In vielen Berufen ist Zuhören enorm wichtig.

Sylvia Löhken, Autorin und Sprachwissenschaftlerin

Auch in Jobs, in denen man nicht ständig von Menschen umgeben ist, sind introvertierte Charaktermerkmale von Vorteil - beispielsweise Berufe in der Wissenschaft oder in Bibliotheken.

Was kann introvertierten Menschen im Arbeitsleben helfen?

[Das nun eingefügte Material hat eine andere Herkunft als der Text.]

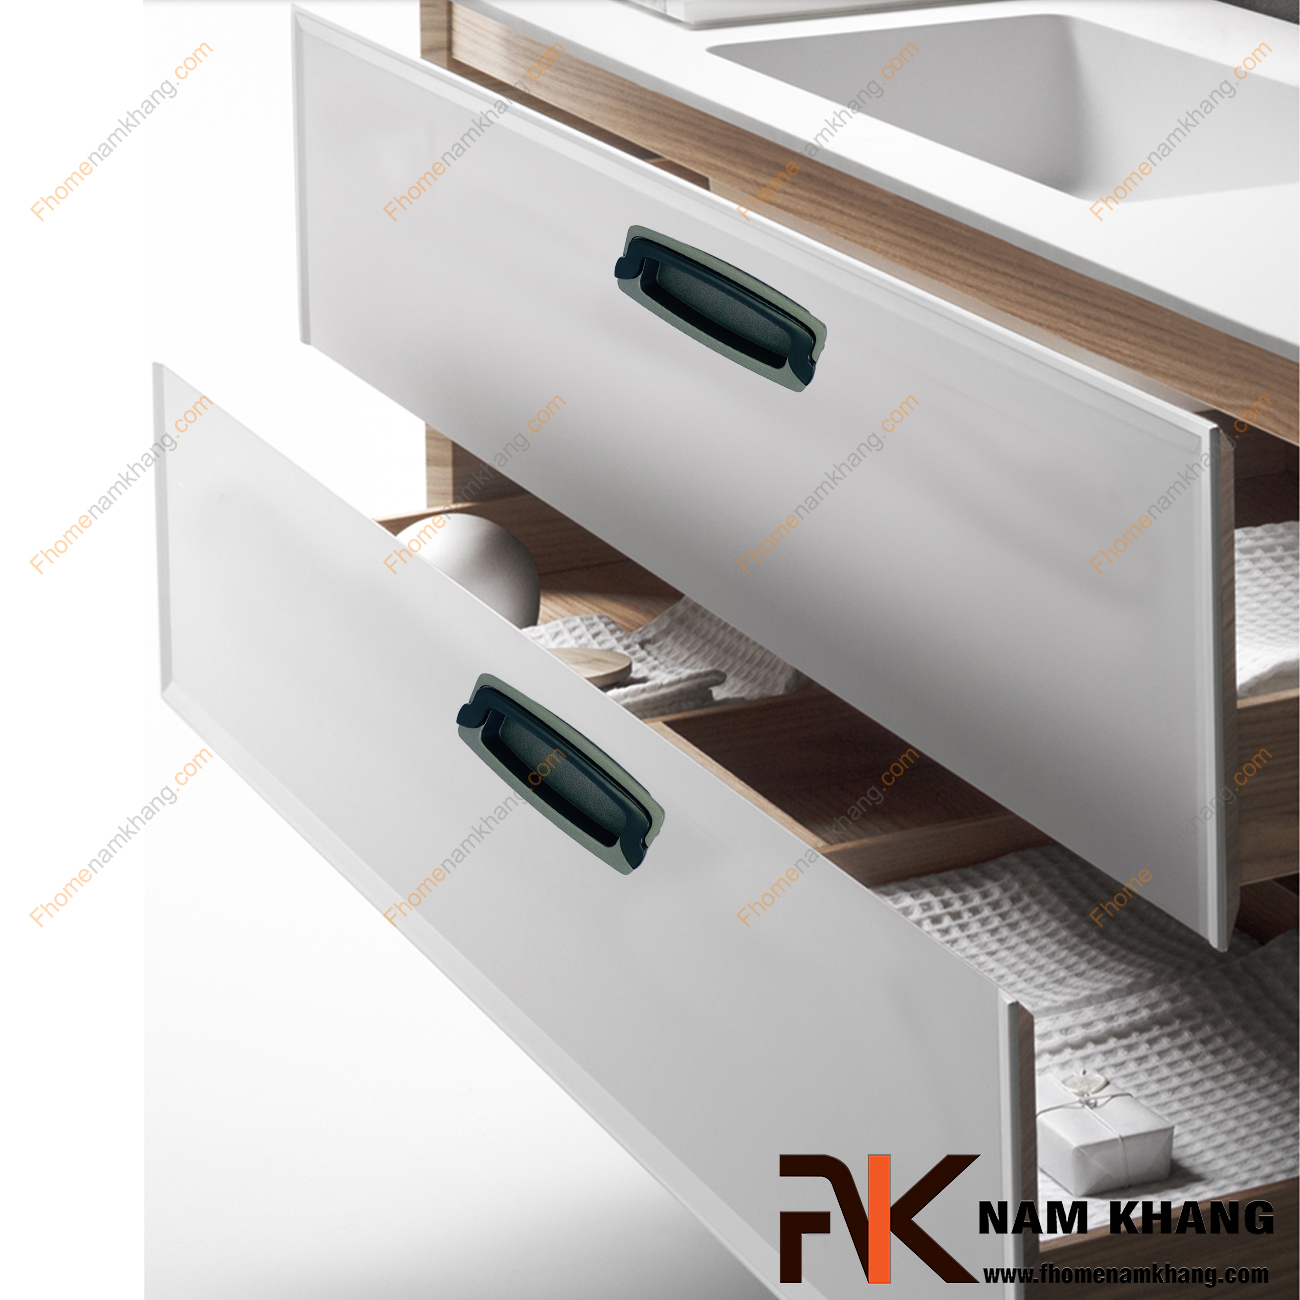 Tay nắm âm tủ màu xám NK064-96XD là loại tay nắm chuyên dùng cho các loại tủ đặt ở những nơi có không gian hạn chế hoặc dùng để nâng cao tính thẫm mỹ của sản phẩm.

Teilweise kann man als introvertierte Person selbst Strategien entwickeln, um in herausfordernden Situationen besser zurechtzukommen. Anstelle von Netzwerktreffen in großen Gruppen liegt vielen Introvertierten das Eins-zu-Eins-Gespräch besser. Eine Methode sei, sich auf Veranstaltungen vorab mit einer Kollegin oder einem Kollegen zu verabreden, sagt Melina Royer, die Jobcoachings für Introvertierte anbietet. Soziale Ängste könne man Stück für Stück überwinden, indem man zum Beispiel übt, im Gespräch mit Arbeitskollegen Blickkontakt zu halten.
Zu viele Gespräche und Trubel können Introvertierte erschöpfen. Deshalb kann es für sie hilfreich sein, im Homeoffice zu arbeiten oder ab und zu vom Großraum in ein leeres Büro zu wechseln.
Die Psychologin Petra Kemter-Hofmann plädiert aber auch an Führungskräfte, die Leistungen von introvertierten Mitarbeitenden im Team sichtbar zu machen. Introvertierte selbst machen auf ihre Erfolge eher nicht lautstark aufmerksam. Deshalb könnten Chefinnen und Chefs sie etwa in Teammeetings öffentlich loben, so die Psychologin. Und auch extrovertiertere Teammitglieder hätten die Möglichkeit, die Arbeit einer ruhigeren Person hervorzuheben. „Denn die wird selber nicht zwingend sagen: Hoppla, da bin ich und das habe ich gemacht."